もう一度 事件を調べてください クリスマス未明、一人の中学生が転落死した。柏木卓也、14歳。彼はなぜ死んだのか。殺人か、自殺か。謎の死への疑念が広がる中、“同級生の犯行"を告発する手紙が関係者に届く。さらに、過剰報道によって学校、保護者の混乱は極まり、犯人捜しが公然と始まった――。ひとつの死をきっかけに膨れ上がる人々の悪意。それに抗し、真実を求める生徒たちを描いた、現代ミステリーの最高峰。(1)(AMAZON解説)

 

もう一度、事件を調べてください。柏木君を突き落としたのは―。告発状を報じたHBSの報道番組は、厄災の箱を開いた。止まぬ疑心暗鬼。連鎖する悪意。そして、同級生がまた一人、命を落とす。拡大する事件を前に、為す術なく屈していく大人達に対し、捜査一課の刑事を父に持つ藤野涼子は、真実を知るため、ある決断を下す。それは「学校内裁判」という伝説の始まりだった。 (2)

 

あたしたちで真相をつかもうよ――。二人の同級生の死。マスコミによる偏向報道。当事者の生徒たちを差し置いて、ただ事態の収束だけを目指す大人。

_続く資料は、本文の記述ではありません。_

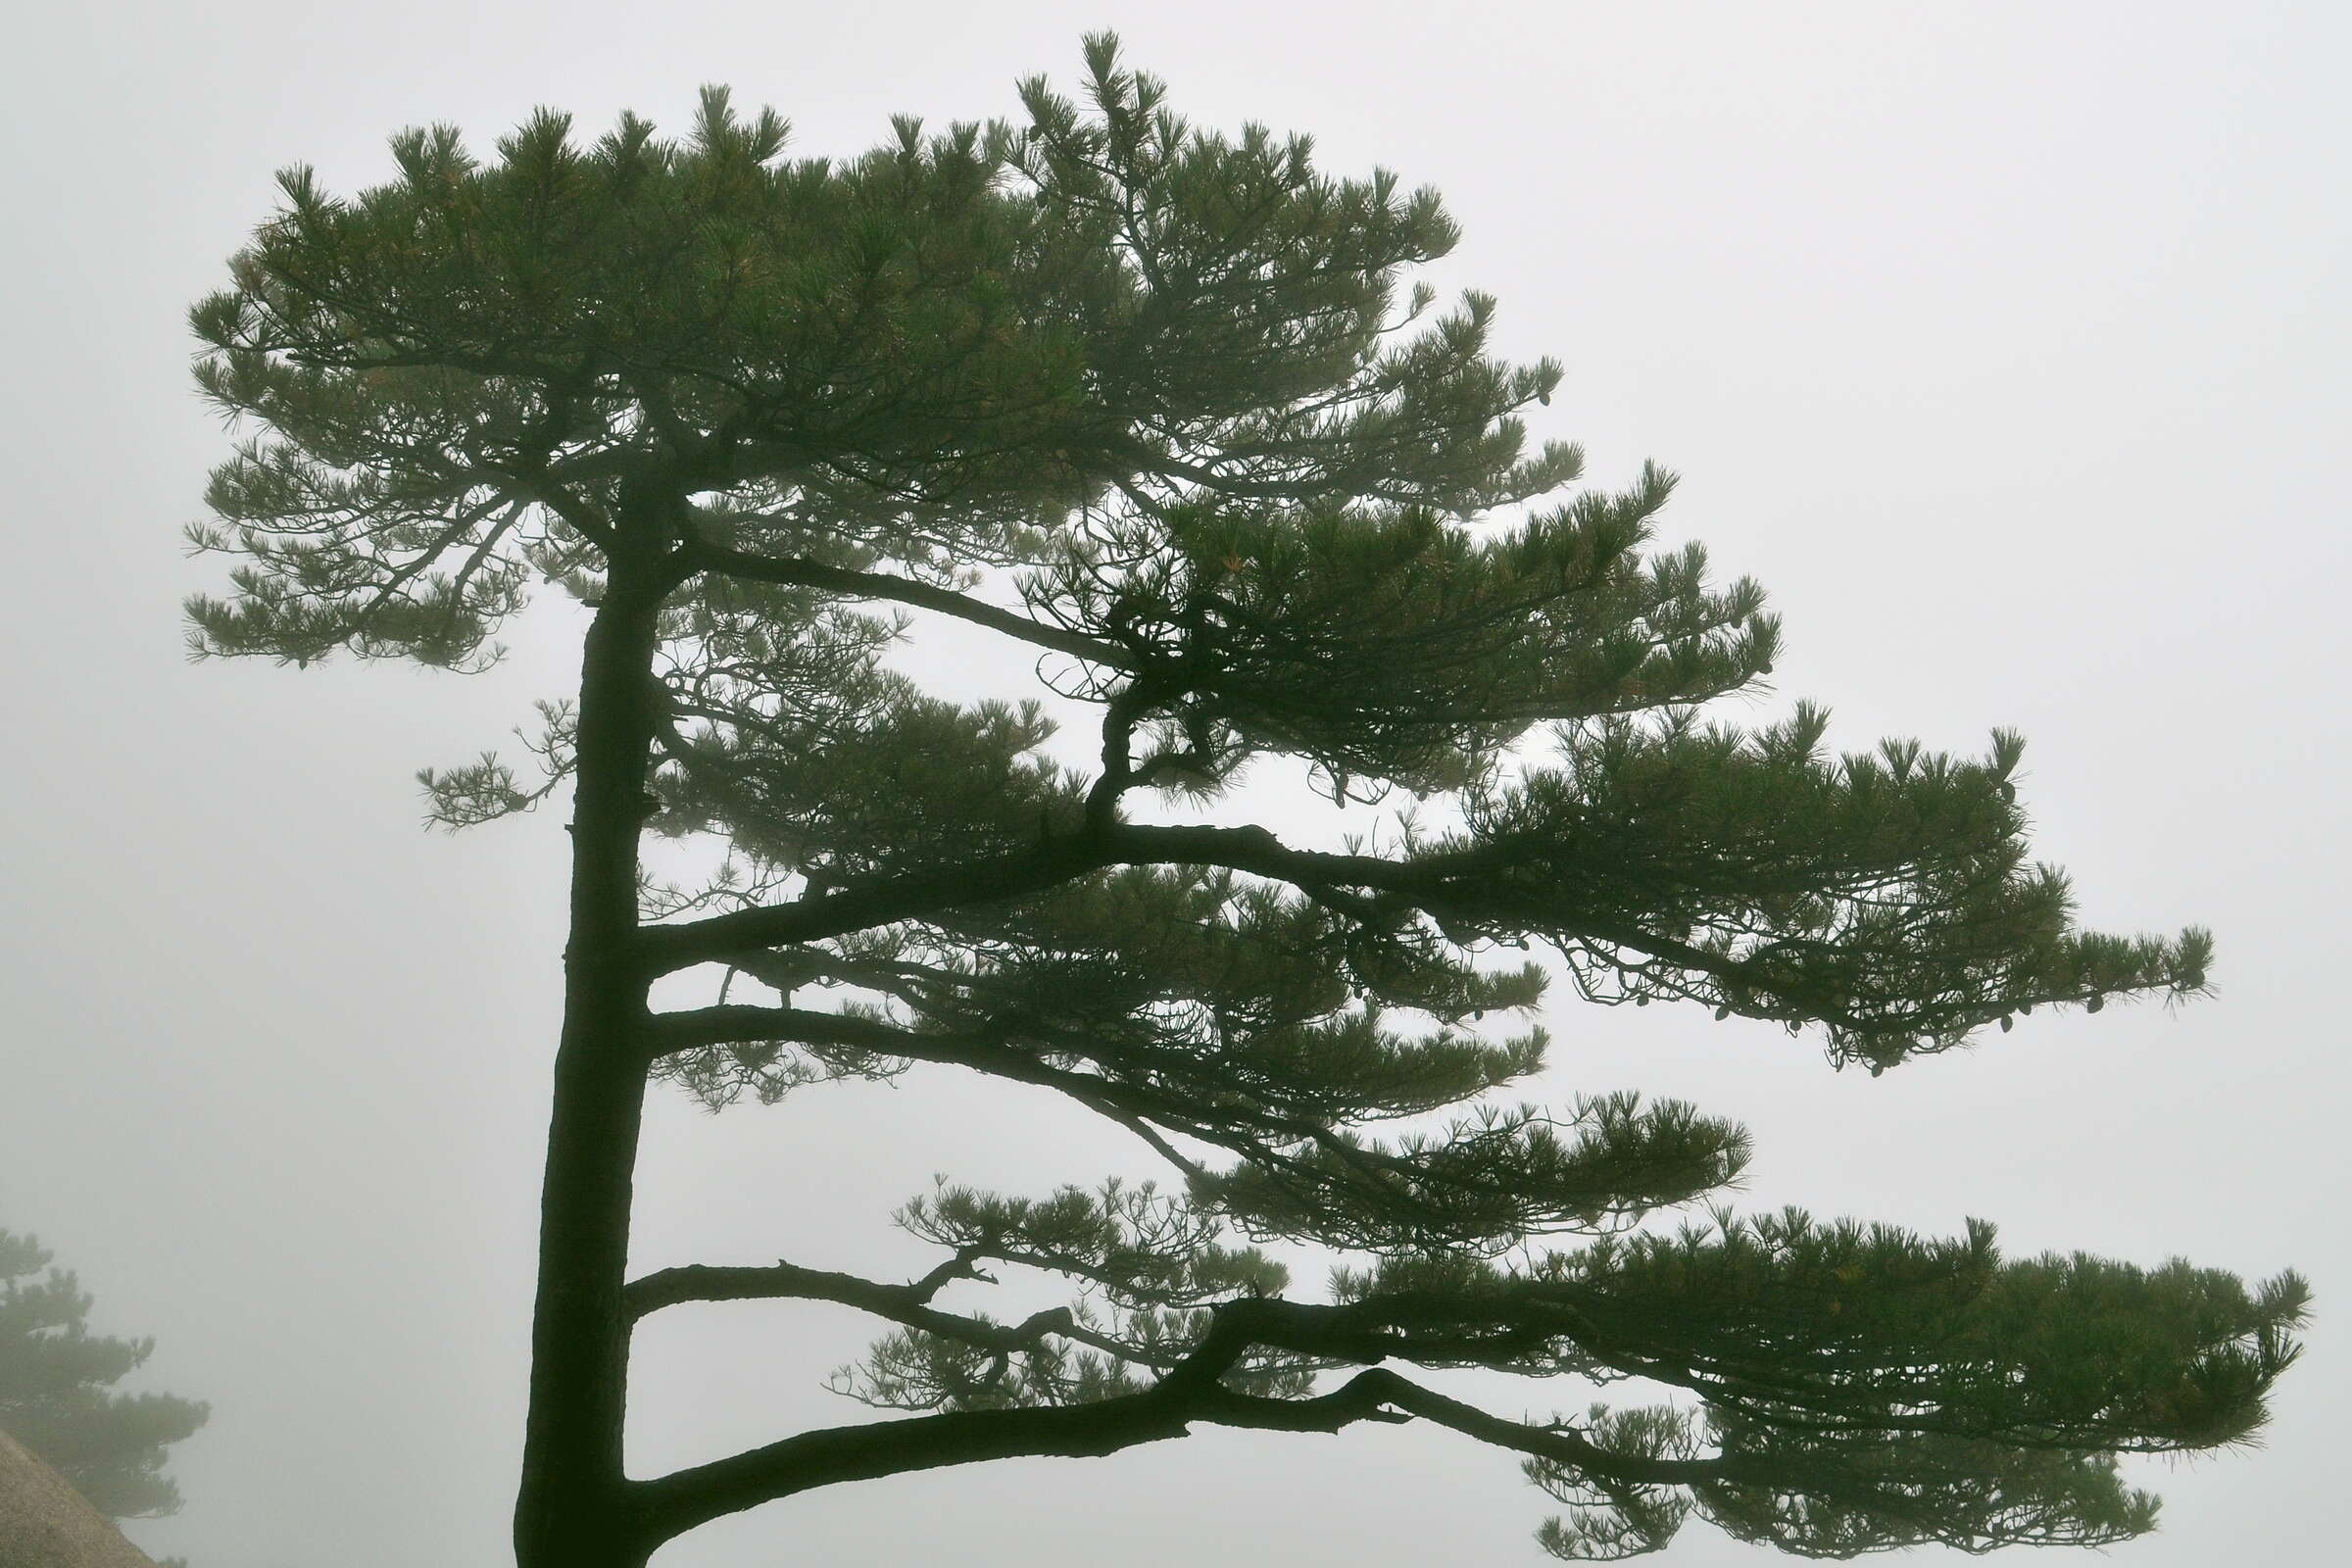 Image of Huangshan Pine

結局、柏井卓也はなぜ死んだのか。なにもわからないままでは、あたしたちは前に進めない。そんな藤野涼子の呼びかけで、中学三年生有志による「学校内裁判」が幕を上げる。求めるはただ一つ、柏木卓也の死の真実。 (3)

 

遂に動き出した「学校内裁判」。検事となった藤野涼子は、大出俊次の“殺人”を立証するため、関係者への聴取に奔走する。一方、弁護を担当する他校生、神原和彦は鮮やかな手腕で証言、証拠を集め、無罪獲得に向けた布石を着々と打っていく。明らかになる柏木卓也の素顔。繰り広げられる検事と弁護人の熱戦。そして、告発状を書いた少女が遂に……。夏。開廷の日は近い。 (4)

 

空想です――。弁護人・神原和彦は高らかに宣言する。大出俊次が柏木卓也を殺害した根拠は何もない、と。城東第三中学校は“問題児”というレッテルから空想を作り出し、彼をスケープゴートにしたのだ、と。対する検事・藤野涼子は事件の目撃者にして告発状の差出人、三宅樹理を証人出廷させる。あの日、クリスマスイヴの夜、屋上で何があったのか。白熱の裁判は、事件の核心に触れる。 (5)

 

ひとつの嘘があった。柏木卓也の死の真相を知る者が、どうしてもつかなければならなかった嘘。最後の証人、その偽証が明らかになるとき、裁判の風景は根底から覆される――。藤野涼子が辿りついた真実。三宅樹理の叫び。法廷が告げる真犯人。作家生活25年の集大成にして、現代ミステリーの最高峰、堂々の完結。20年後の“偽証”事件を描く、書き下ろし中編「負の方程式」を収録。 (6)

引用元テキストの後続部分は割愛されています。